5. The forging apparatus as recited in claim 1, wherein the clamping structure (22) comprises plates (2201), a fourth servo motor (2202), a third screw (2203), a hinged block (2204), a clamping plate (2205), a fifth servo motor (2206), a housing (2207) and a fifth servo motor (2206), the bottom ends of the plates (2201) are fixedly connected with the top ends of the risers (11), the fourth servo motor (2202) is installed inside the plates (2201), one side of the fourth servo motor (2202) extends to the outside of the plates (2201), the housing (2207) is installed on one side of the plates (2201), struts (2208) are fixed on both ends of one side of the housing (2207), one side of the struts (2208) extends to the inside of the plates (2201), the fifth servo motor (2206) is installed on the top end of the housing (2207), the clamping plate (2205) is hinged to both the top end and the bottom end of the inside of the housing (2207), a third screw rod (2203) is arranged on one side inside the outer shell (2207), a hinge block (2204) is sleeved on the top end of the third screw rod (2203) and the outer portion of the bottom end of the third screw rod, and one side of the hinge block (2204) is hinged to one side of the clamping plate (2205).

6. The forging apparatus as recited in claim 5, wherein the clamp plate (2205) is configured to be clamped and fixed by a hinge block (2204), a third screw (2203) and a fifth servomotor (2206), and the housing (2207) is configured to be rotated by a fourth servomotor (2202).

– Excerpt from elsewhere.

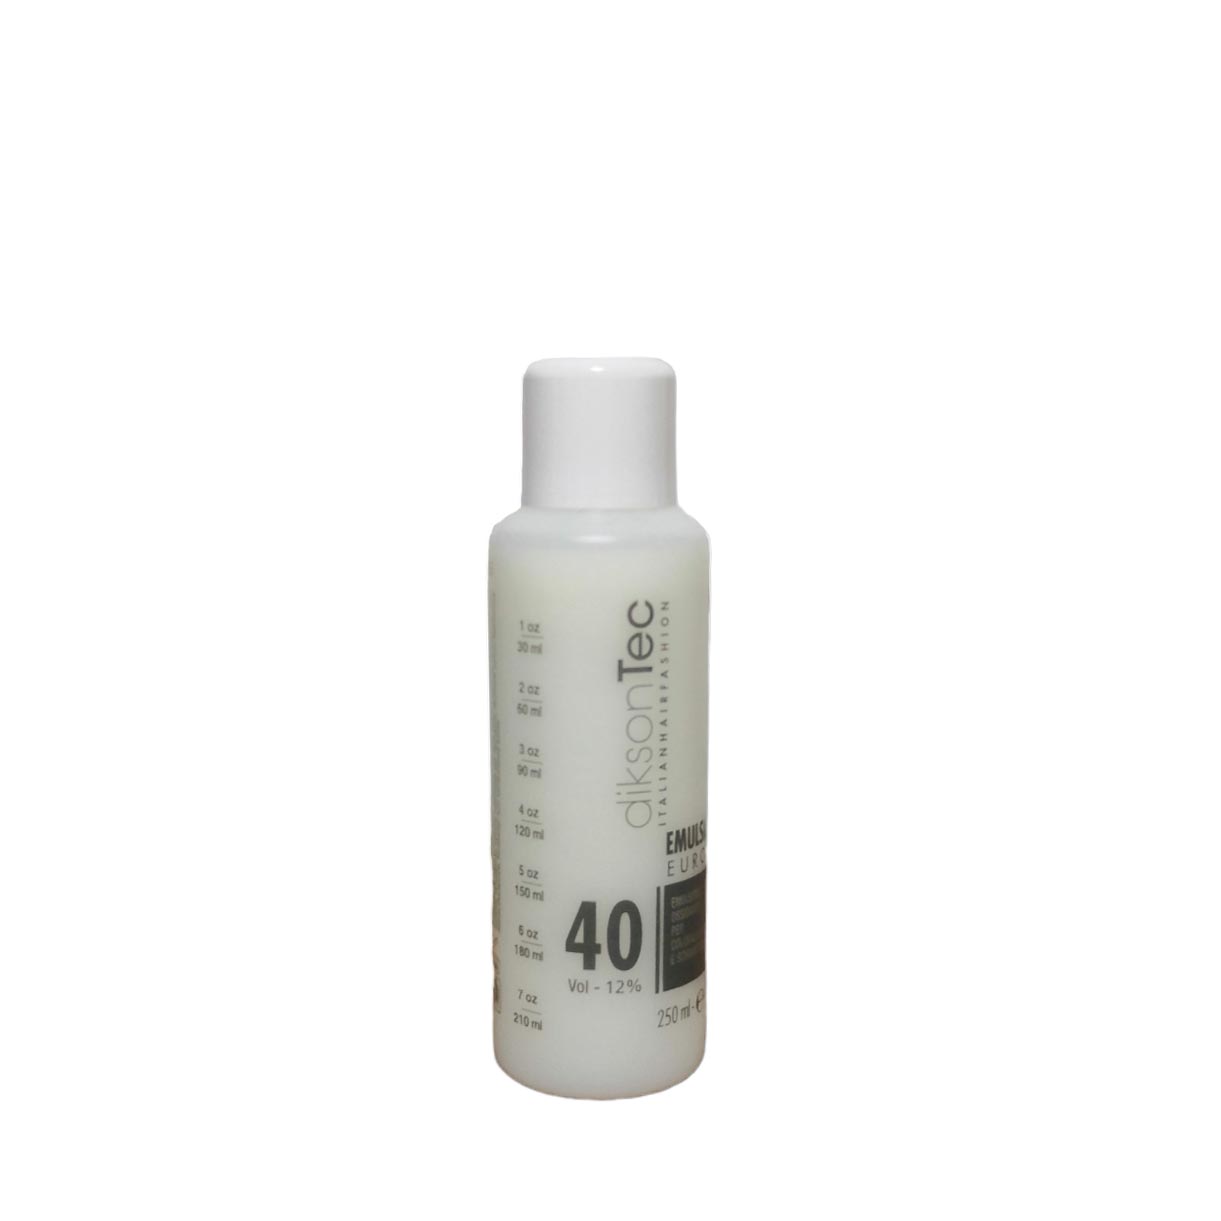 DIKSON OXY krémový oxidant neparfumovaný 12% - 250 ml
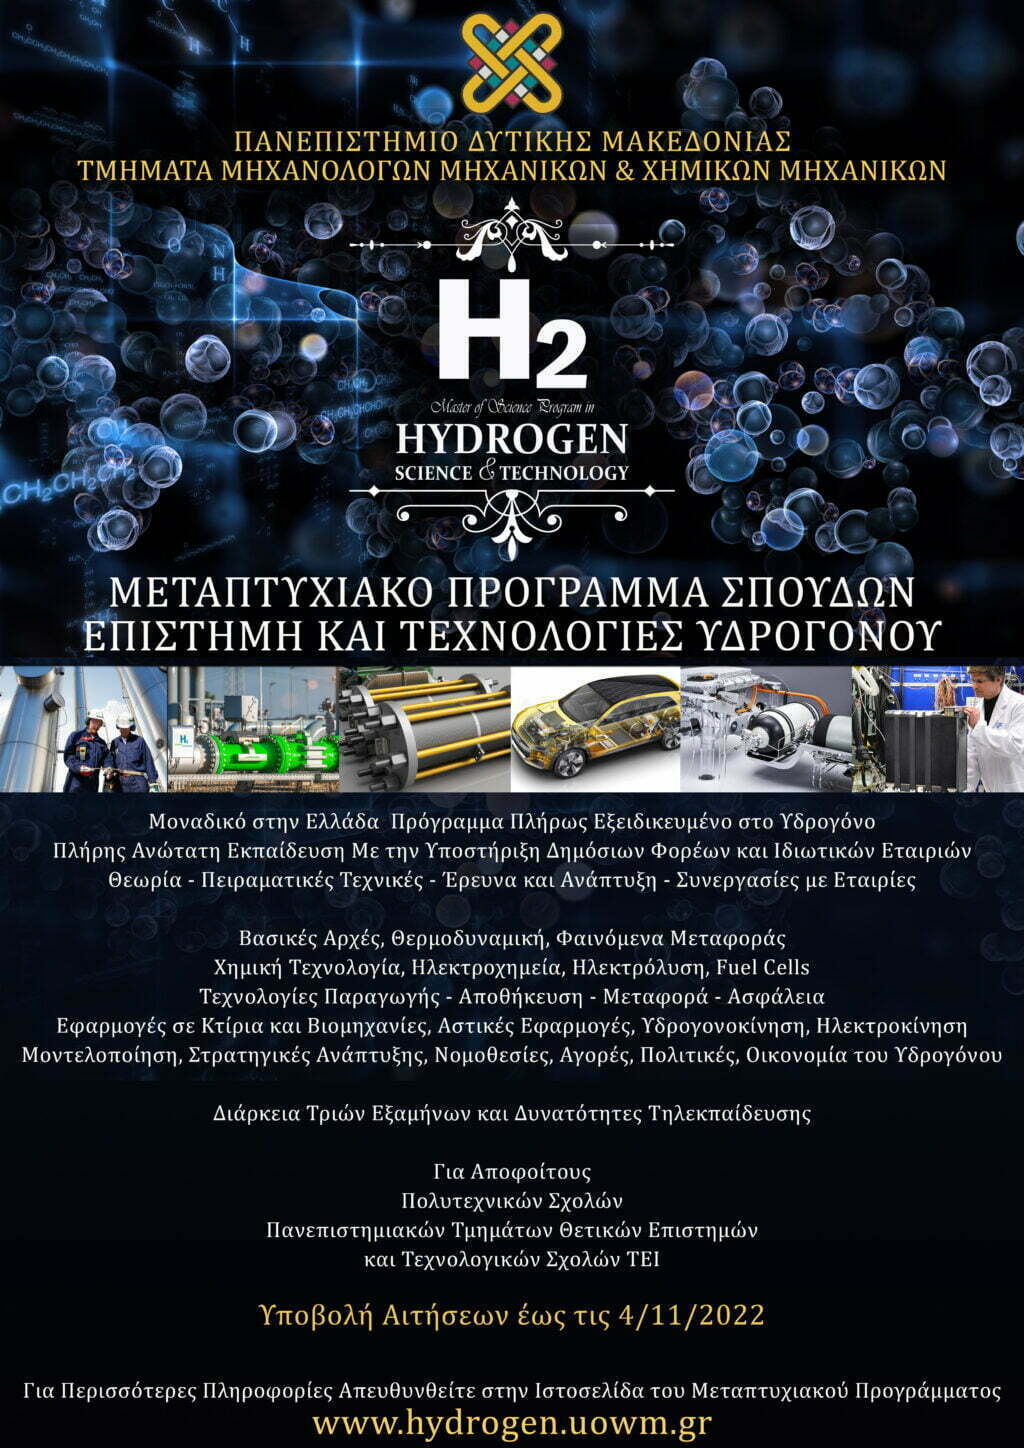 Τα Τμήματα Μηχανολόγων Μηχανικών και Χημικών Μηχανικών του Πανεπιστημίου Δυτικής Μακεδονίας διοργανώνουν για πρώτη χρονιά και σύμφωνα με τις διατάξεις του Ν.4957/2022 το Διατμηματικό Πρόγραμμα Μεταπτυχιακών Σπουδών (Δ.Π.Μ.Σ.) με τίτλο:

7. The forging apparatus as recited in claim 1, wherein the temperature measuring structure (23) comprises a temperature measuring instrument (2301), sleeves (2302) and a mounting plate (2303), the top end of the mounting plate (2303) is fixedly connected with the bottom end of the transverse plate (3), the bottom end of the mounting plate (2303) is provided with a plurality of sleeves (2302), and the temperature measuring instrument (2301) is mounted in the sleeves (2302).

8. The forging apparatus as recited in claim 1, wherein through holes are provided at equal intervals at a bottom end of the second housing (2909), and the second housing (2909) and the first housing (2902) are perpendicular to each other.